Nervioso, me levanto y cruzo el cuarto. Una araña como asterisco blanco cuelga en el aire frente a mi rostro. Observo el techo y no pudo ver de dónde pende su hilo. El techo es de yeso liso. La araña titubea. Siente una enorme presencia extraña. Sus exquisitas patas blancas se abren con cautela y su propio peso muerto gira de su hilo invisible. Me veo a mí mismo en la pose antigua y peculiar del fabulista que intenta extraer una lección de la araña, y me cohibo. Rechazo esta actitud para examinar seriamente a esta diminuta estrella articulada que cuelga de manera sarcástica frente a mi cara; soy incapaz de aprender la lección. La araña y yo habitamos universos contiguos pero incompatibles. A través del abismo sólo sentimos temor. El teléfono continúa silencioso. De nuevo, la araña calcula volver a girar. El viento sigue agitando la luz solar. Al entrar y salir de esta cabaña he dejado huellas en unas cuantas hojas muertas, aplanadas, como pedazos de papel oscuro.

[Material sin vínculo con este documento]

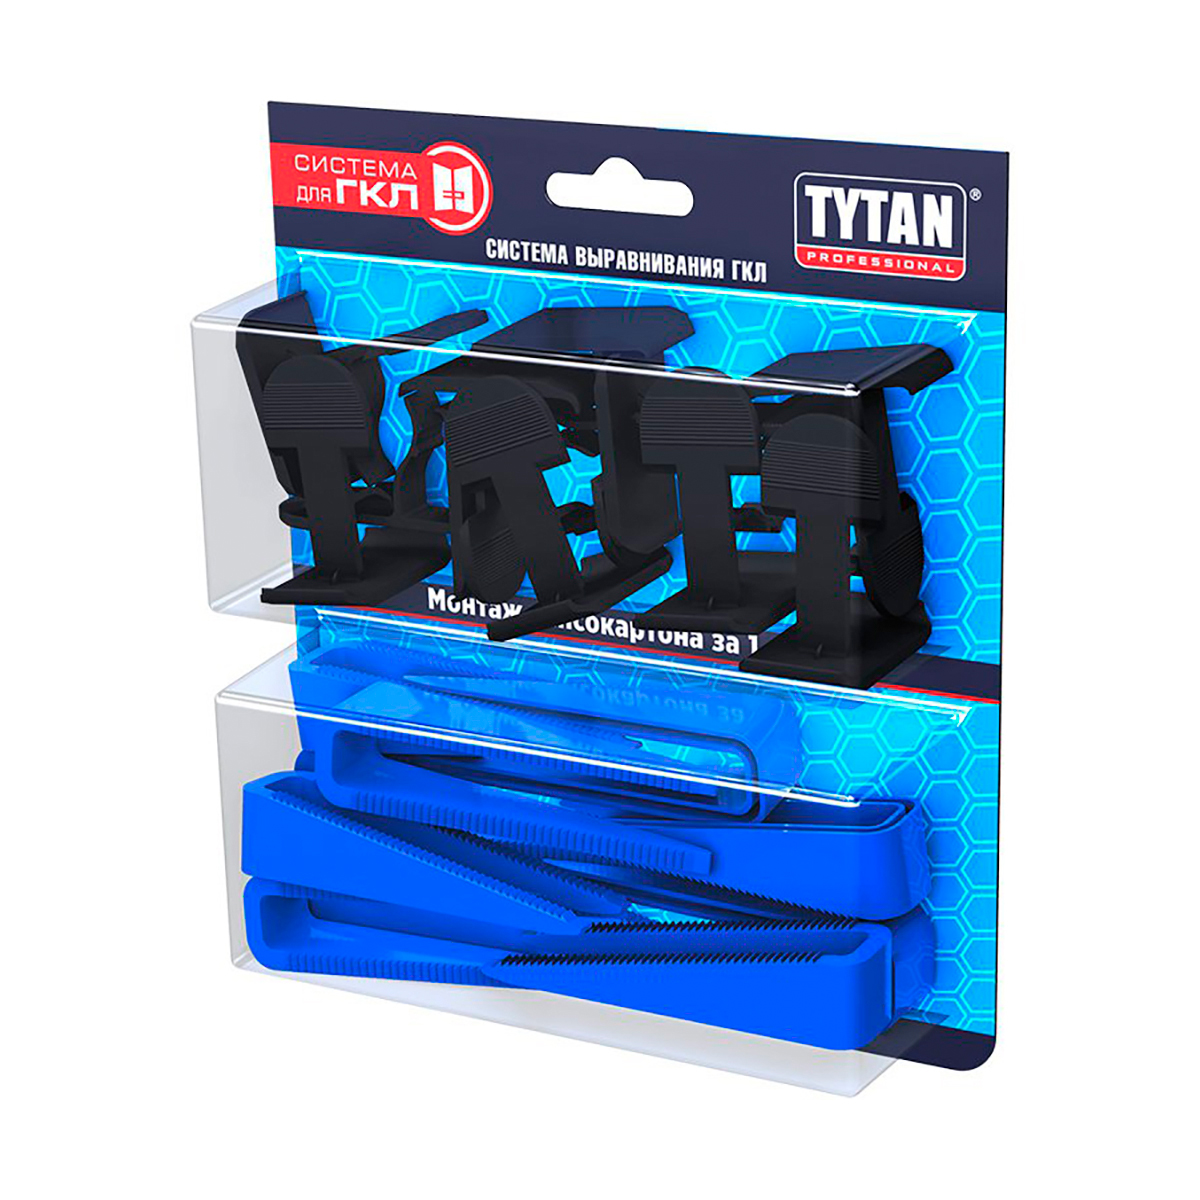 Система выравнивания гипсокартона Tytan Professional, клинья 30 шт + клипсы 30 шт

¿Y qué son estas páginas sino hojas? ¿Y con qué objeto las produzco si no es para lanzar mi culpa, gracias a una fotosíntesis subjetiva, a la Naturaleza, donde la culpaÊno existe? Ahora el pantano, plano como alfombra, aparece rayado de un verde pálido entre las sombras café —bermejo, ocre, tostado, marrón— y del lado opuesto, donde la tierra se eleva sobre el nivel del mar, las siempreverdes apuñalan hacia arriba de manera lúgubre. A lo lejos hay una pequeña colina azul; en esta región costeña las colinas casi son demasiado modestas para llevar nombres. Pero la veo; por primera vez en meses la veo. Lo hago como el niño que desde una barda muy alta observa, con los dedos apretados y el cuello tenso, el techo de una casa. Bajo mi ventana, el pasto se ve delgado, verde y mezclado con las hojas caídas de un olmo pequeño y recuerdo cómo la primera noche que viene a esta cabaña, pensando que dejaba mi vida atrás, me fui a la cama solo y leí, de la misma manera en que uno lee libros extraviados en una casa prestada, unas cuantas páginas de una vieja edición de Hojas de hierba. Y mi sueño fue como un anillo, de tal suerte que cuando desperté tuve la sensación de continuar aún en el libro, y el cielo velado por la luz que se estremecía a través de las ramas desnudas del joven olmo parecía otra página de Whitman, y yo estaba enteramente abierto y perdido, como una mujer apasionada, libre y enamorada, sin una sombra en rincón alguno de mi ser. Fue un hermoso despertar, pero a la noche siguiente había vuelto a casa.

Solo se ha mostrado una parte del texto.